… between the writing and the table there is a tension, which is the tension between a message and a surface, between something fluid and something static, between something supposedly written in the hand of God and a hand, all too human, trying to hold His wrath at bay…
The Writing on the Wall was originally conceived in response to an invitation from Fay Stevens to contribute to the Writing & Architecture exhibition and workshop held in 2014 at Bath Artists’ Studios, curated by Fay Stevens and Jerome Fletcher. The work aimed to reproduce, in-situ, two elements from a painting by Rembrandt, titled Belshazzar’s Feast (1635), on display at the National Gallery, London. The reproduction was created using gold and silver leaf applied directly to one of the walls inside the exhibition space. The two elements copied from the painting are the Hebrew characters appearing on the wall behind King Belshazzar and the surface of the table in the foreground of the painting. By editing out all other elements from the painting, the newly created image of the Feast is divested of any narrative function and, inevitably, loses some of its pictorial drama. What we gain, however, is a means to address the curious relation between the luminous writing on the (invisible) wall in the background and the architectural space in which the dramatic event unfolds. That this relation is defined by a psychological chasm of sorts is already apparent from the way King Balthasar reacts to the apparition behind him in Rembrandt’s picture. In the absence of this figure, however, the gap between word and image, or writing and painting, presents itself to the viewer in a rather different way – one that calls on the viewer to negotiate the space between.
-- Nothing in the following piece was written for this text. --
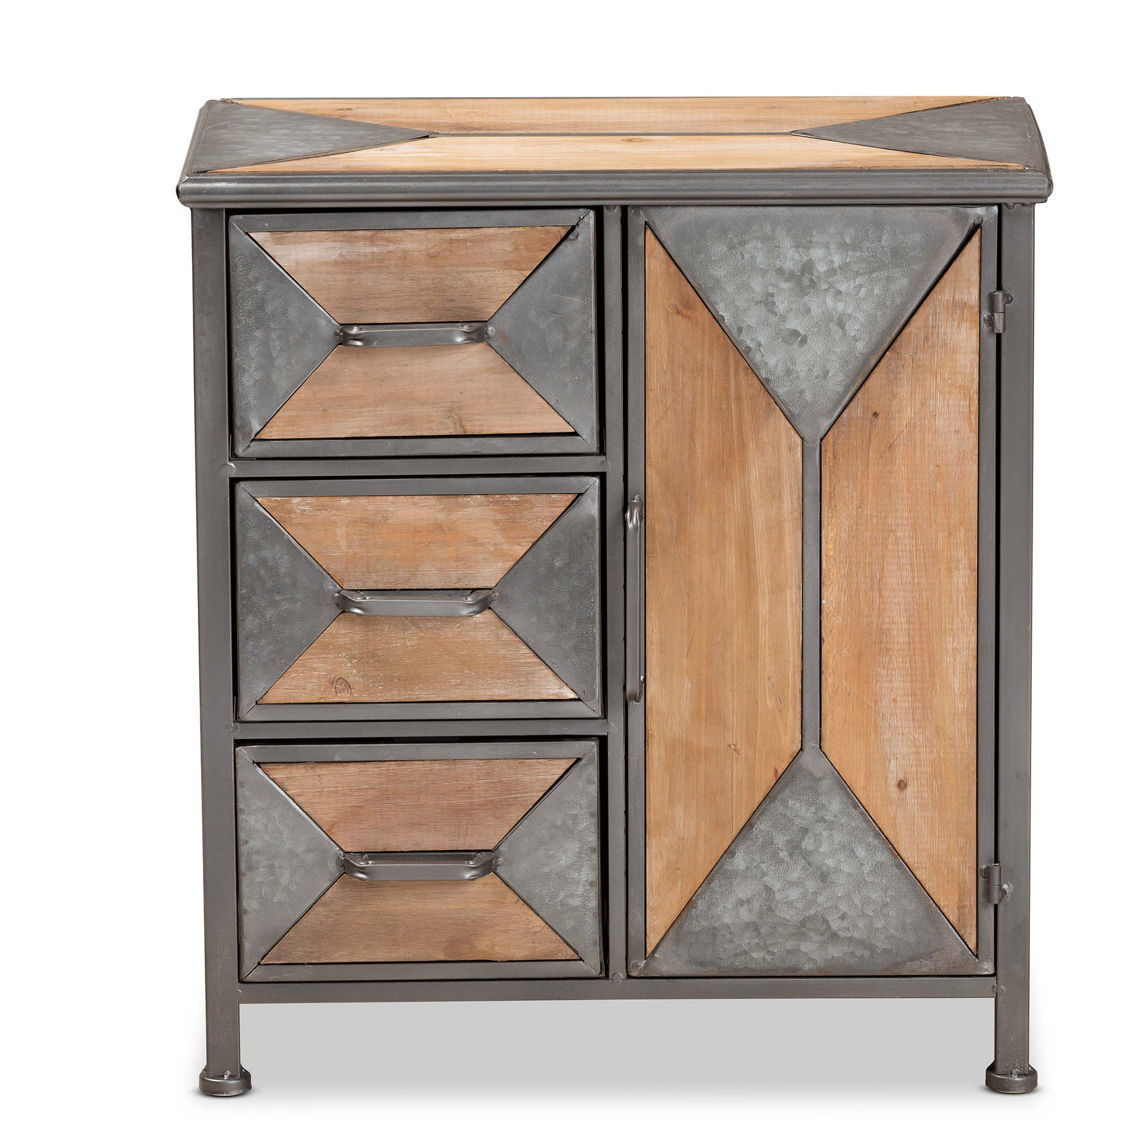 Baxton Studio Laurel Antique Grey Metal and Whitewashed Oak Wood Storage Cabinet - Image 3 of 5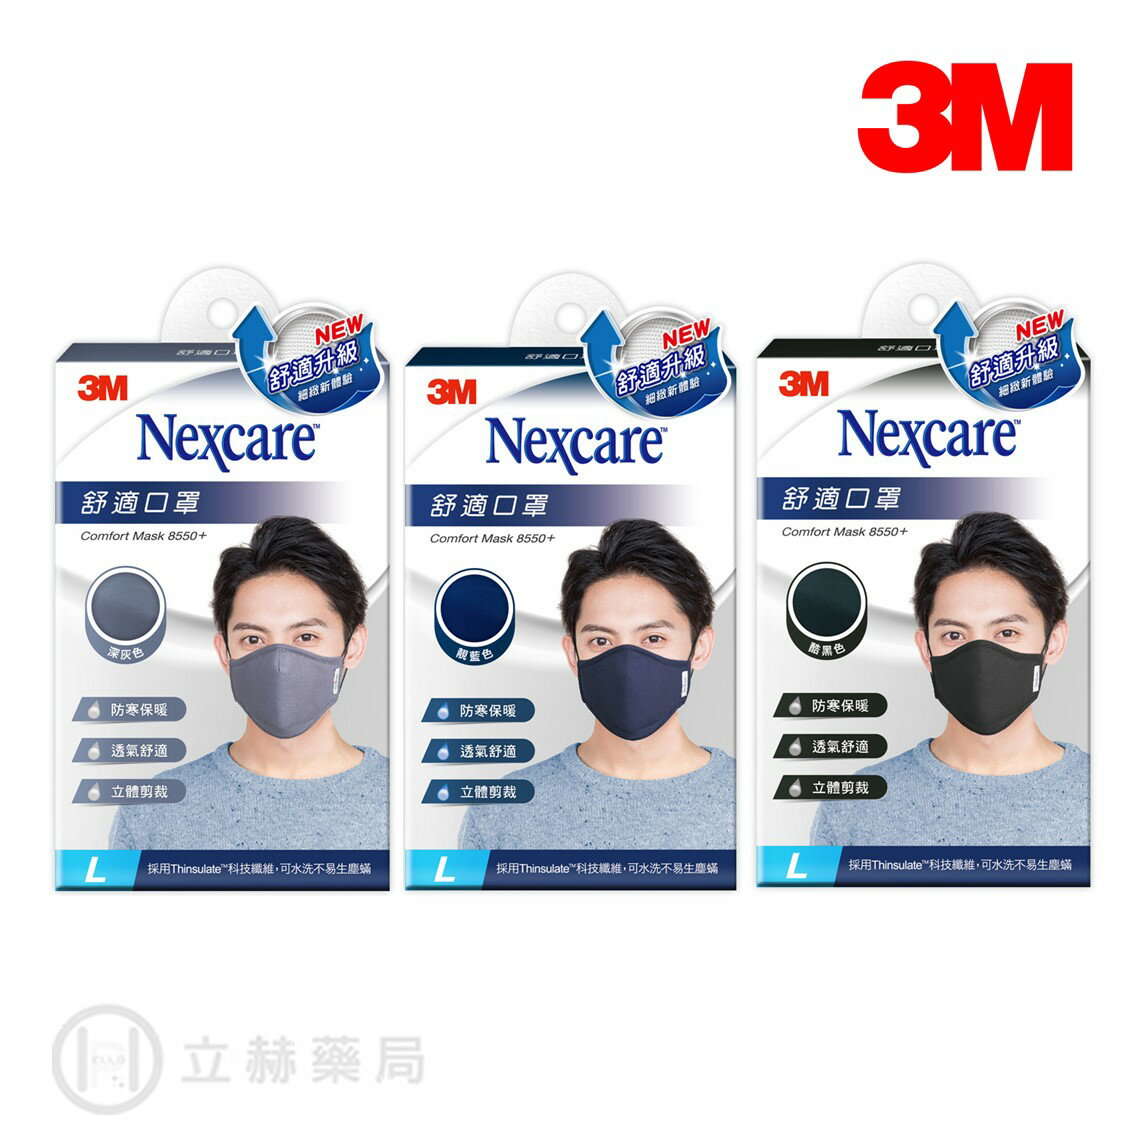 3M Nexcare 舒適口罩升級款 L號 8550+ 酷黑 深灰 靛藍 舒適透氣 立體剪裁 舒適升級【立赫藥局】

Willem de Bruijn is a Senior Lecturer in Architecture at the Arts University Bournemouth, where he teaches history and theory and supervises research degrees. Willem graduated from the TU Delft with an MSc in Architecture (2001) and completed a PhD in Architectural History and Theory (2010) at the Bartlett School of Architecture, UCL, under the supervision of Jane Rendell and Barbara Penner. Publications relating to Willem’s doctoral thesis and current research have appeared in Writingplace (2018), Footprint (2012), Library Trends (2012) and The International Journal of the Book (2005/6 and 2007).
The work presented here, whilst engaging with a painted picture and the writing that appears within it, also takes the painting and its reworking as a site for critical reflection and argumentation through writing, linking the notion of site-writing to an artistic practice beyond the above-quoted ‘word-image opposition’.
Mieke Bal, Reading ‘Rembrandt’: Beyond the Word-Image Opposition (New York and Cambridge: Cambridge University Press, 1991).
John Berger, Ways of Seeing (London: Penguin, 1972).
Jane Rendell, Site-Writing: The Architecture of Art Criticism (London: I.B. Taurus, 2010).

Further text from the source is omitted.